Research Question 2: What variables in instructional design, content area, setting, learners, or research design moderate the effectiveness of peer-mediated learning for English language learners?
The second research question is intended to provide a more nuanced understanding for the answer to research question 1; essentially, the first question answers “What works?”, and the second question attempts to answer “For whom, and under what conditions?.” The following section details the answers to a large number of specific hypotheses of the influence of particular moderators and concludes with a summarizing synthesis of the effects of moderators across outcome types.

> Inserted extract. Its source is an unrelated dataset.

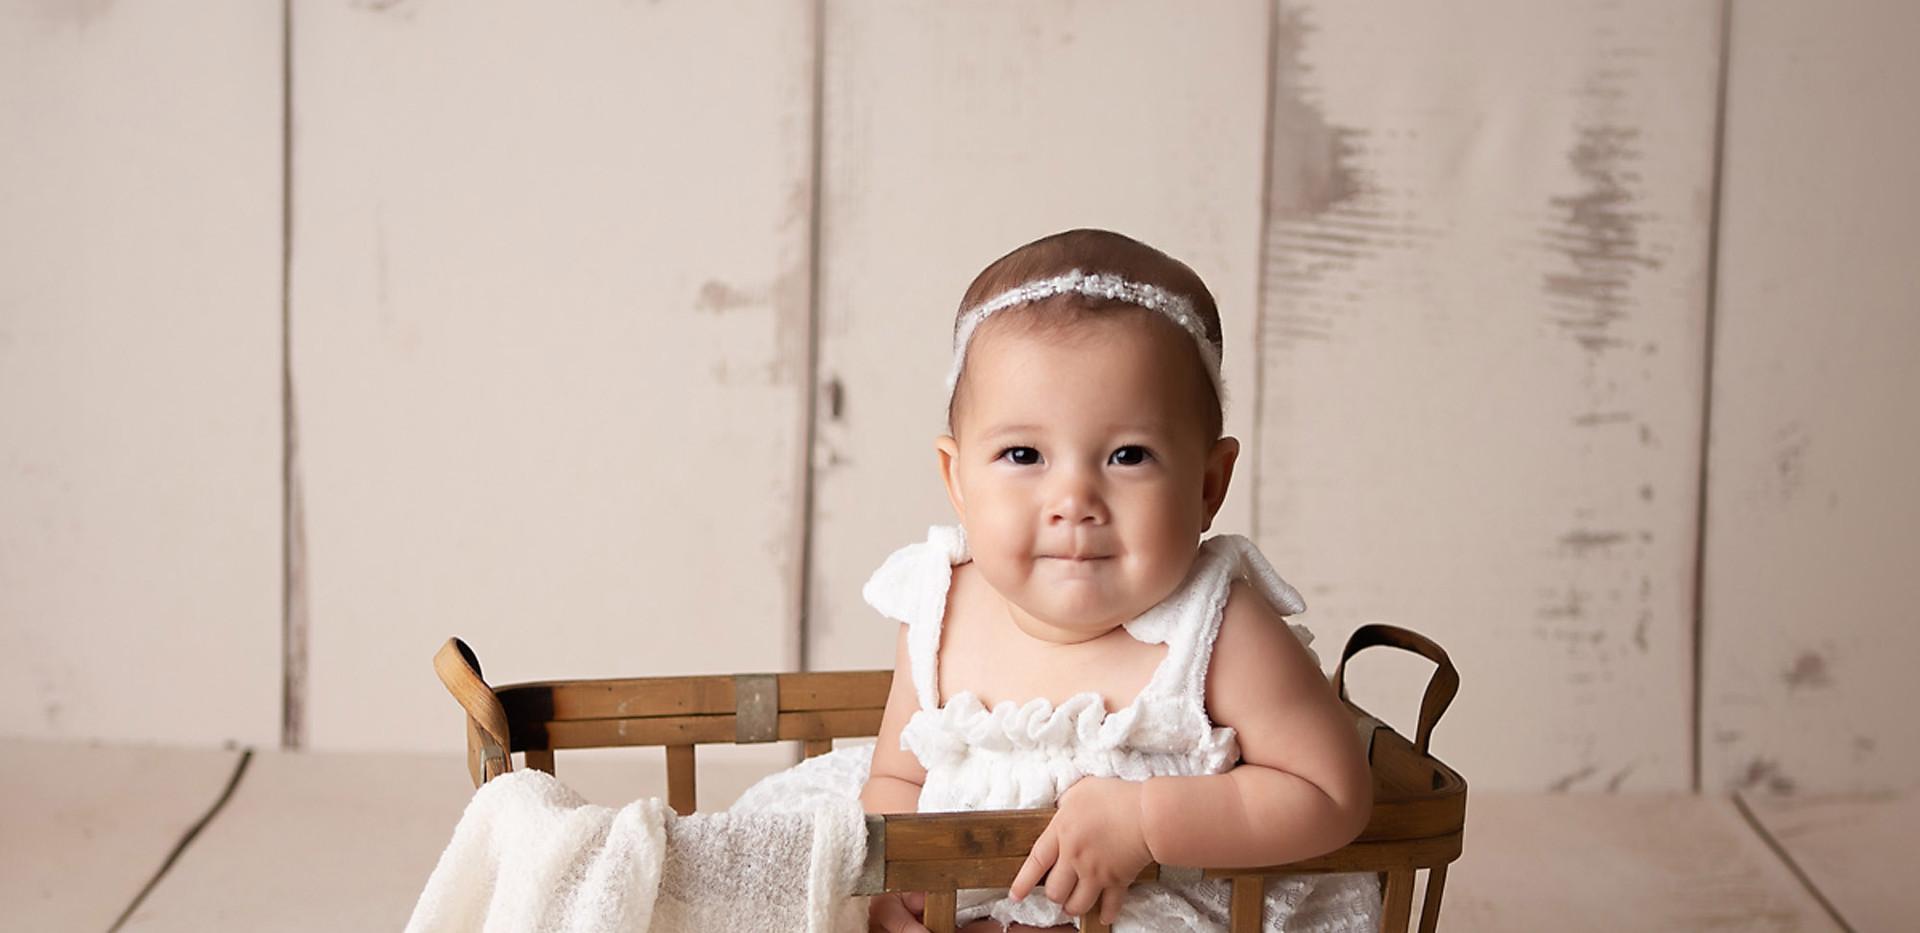 baby-photography-milestone-basket-white-

Given ambivalence in the previous literature regarding the effectiveness of specific cooperative, collaborative, and peer-mediated approaches, Hypothesis 2a suggested that there would be no significant difference among the three peer-mediated constructs, and the results of moderator analyses across the three outcome types generally support this hypothesis. For oral and written language outcomes, Construct was insignificant as a predictor, and Construct only approached significance as a predictor for attitudinal outcomes. Notably, the ES estimate for peer-mediated learning was very large (ES=1.525) for the attitudinal distribution, and it was based on only two studies. Thus, the fact that the moderator appeared nearly significant for this outcome distribution may very well reflect a larger-than-average estimate resulting from a very small sample of studies. Moreover, while peer-mediated learning provided the largest effect sizes in two of the three distributions (attitudinal and oral language), cooperative was the largest in written language outcomes, which was the distribution with the largest sample of included studies. Thus, even a qualitative analysis of the rank order of the three constructs suggests that no single version of peer-mediated learning was consistently more effective than the others. This actually affirms a theoretical orientation of this meta-analysis, which posits that a sociocultural explanation of the effectiveness of peer-mediated learning, in general, is that it is through mediated interaction that ELLs learn best. However, the fact that peer tutoring and cooperative learning are the two most structured forms of peer-mediated learning also lends tentative support to claims in the literature that high structure promotes the most learning (eg.,
Hypothesis 2b claimed the language setting EFL or ESL, would not significantly moderate the effectiveness of peer-mediated learning for ELLs. Despite significant differences in the two types of settings (e.g., availability of native speakers and amount of exposure to the target language), both fields advocate the use of interactive methods, and consequently, a null hypothesis was forwarded. Empirical evidence across all three available outcome types suggests that the null hypothesis of no difference between EFL and ESL settings cannot be rejected. Setting was not a significant moderator for any of the outcome types; in fact, the significance of the moderator did not even approach significance for any of the distributions. Interestingly, mean effect sizes were actually larger in EFL settings across all three outcome types (i.e., oral language, written language, and attitudinal). This is surprising given that EFL settings provide less exposure to English input and fewer native language models; however, it supports output models of second language acquisition (e.g.,
Hypothesis 2c posited no significant difference in the effectiveness of peer-mediated learning at different grade levels. To some extent, this is a participant-level question about the effectiveness of peer-mediated learning with students of different ages, but it is analyzed here as a setting-level moderator to reflect differences in pedagogy and instructional delivery associated with these various grade levels. In practice, this moderator addresses aspects of both setting and participant.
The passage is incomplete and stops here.